We are running this funding opportunity on the new UKRI Funding Service. You cannot apply on the Joint Electronic Submissions (Je-S) system.
The project lead is responsible for completing the application process on the UKRI Funding Service, but we expect all team members and project partners to contribute to the application.
Only the lead research organisation can submit an application to UKRI.
To apply
Select ‘Start application’ near the beginning of this Funding finder page.
- Confirm you are the project lead.
- Sign in or create a Funding Service account. To create an account, select your organisation, verify your email address, and set a password. If your organisation is not listed, email support@funding-service.ukri.org
- Answer questions directly in the text boxes. You can save your answers and come back to complete them or work offline and return to copy and paste your answers. If we need you to upload a document, follow the upload instructions in the Funding Service. All questions and assessment criteria are listed in the ‘How to apply’ section on this Funding finder page.
- Allow enough time to check your application in ‘read-only’ view before sending to your research office.
- Send the completed application to your research office for checking. They will return it to you if it needs editing.
- Your research office will submit the completed and checked application to UKRI.
Watch our research office webinars about the new UKRI Funding Service.
Deadline
We must receive your application by 4:00pm UK time on the 9 January 2024.
You will not be able to apply after this time.
Make sure you are aware of and follow any internal institutional deadlines.
We will not be returning applications for amendment. If an application is withdrawn prior to peer review or office rejected due to substantive errors in the application, it cannot be resubmitted to the opportunity.
Personal data
Processing personal data
EPSRC, as part of UKRI, will need to collect some personal information to manage your funding service account and the registration of your funding applications.
We will handle personal data in line with UK data protection legislation and manage it securely. For more information, including how to exercise your rights, read our privacy notice.
Publication of outcomes
EPSRC, as part of UKRI, will publish the outcomes of this funding opportunity.
If your application is successful, we will publish some personal information on the UKRI Gateway to Research.
Summary
Word limit: 550
In plain English, provide a summary we can use to identify the most suitable experts to assess your application.
We may make this summary publicly available on external-facing websites, so make it suitable for a variety of readers, for example:
- opinion-formers
- policymakers
- the public
- the wider research community
Guidance for writing a summary
Clearly describe your proposed work in terms of:
- context
- the challenge the project addresses
- aims and objectives
- potential applications and benefits
Core team
List the key members of your team and assign them roles from the following:
- project lead (PL)
- project co-lead (UK) (PcL)
- researcher co-lead (RcL)
- specialist
- grant manager
- professional enabling staff
- research and innovation associate
- technician
- visiting researcher
Only list one individual as project lead.

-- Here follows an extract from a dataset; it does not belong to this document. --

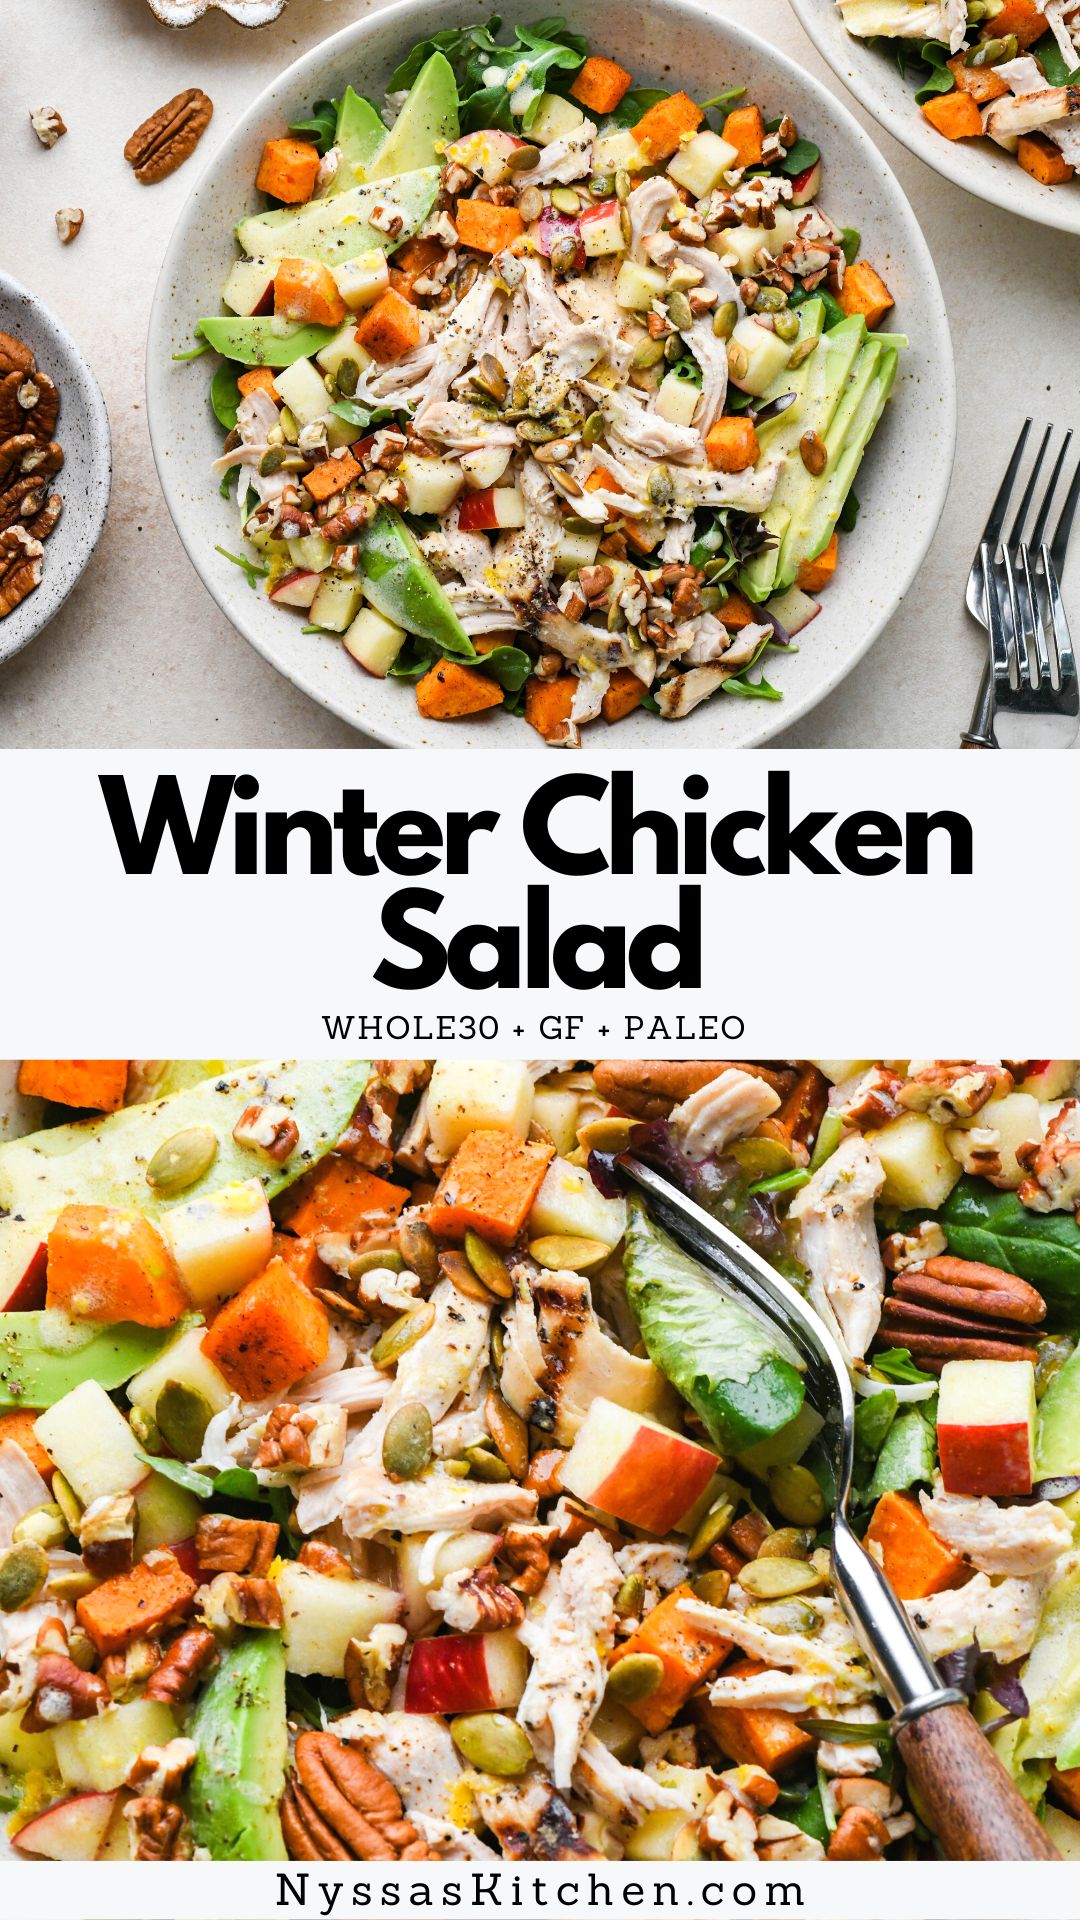 This winter chicken salad is the best salad for those moments during the colder months when you crave something fresh but hearty and filling. Made with your favorite salad greens, chicken breast, roasted sweet potatoes, apples, avocado, nuts, and a bright homemade lemony salad dressing. Easy to throw together and full of flavor and phenomenal texture! Gluten free, paleo, dairy free, & easily made Whole30 compatible.

Find out more about UKRI’s new grant roles.
Thematic area alignment
Word limit: 1
Select the primary EPSRC thematic area your application most closely aligns to.
In the text box, copy the letter corresponding to your selected theme:
A. artificial intelligence (AI)
B. digital security and resilience
C. energy and decarbonisation
D. engineering
E. healthcare technologies
F. information and communication technologies (ICT)
G. manufacturing
H. mathematical sciences
I. physical sciences
J. quantum technologies
Additional guidance:
This is for administrative purposes to help the initial application processing. We will check your choice and make a final decision on which theme will lead the peer review of your application.
Section: Case for support, technical annex and workplan
Create a document that includes your responses to all criteria. The document should not be more than 20 sides of A4, single spaced in paper in 11-point Arial (or equivalent sans serif font) with margins of at least 2cm. You may include images, graphs, tables. You can have an additional two page for a diagrammatic workplan.
For the file name, use the unique UKRI Funding Service number the system gives you when you create an application, followed by the words ‘Case for Support, Technical Annex and Workplan’.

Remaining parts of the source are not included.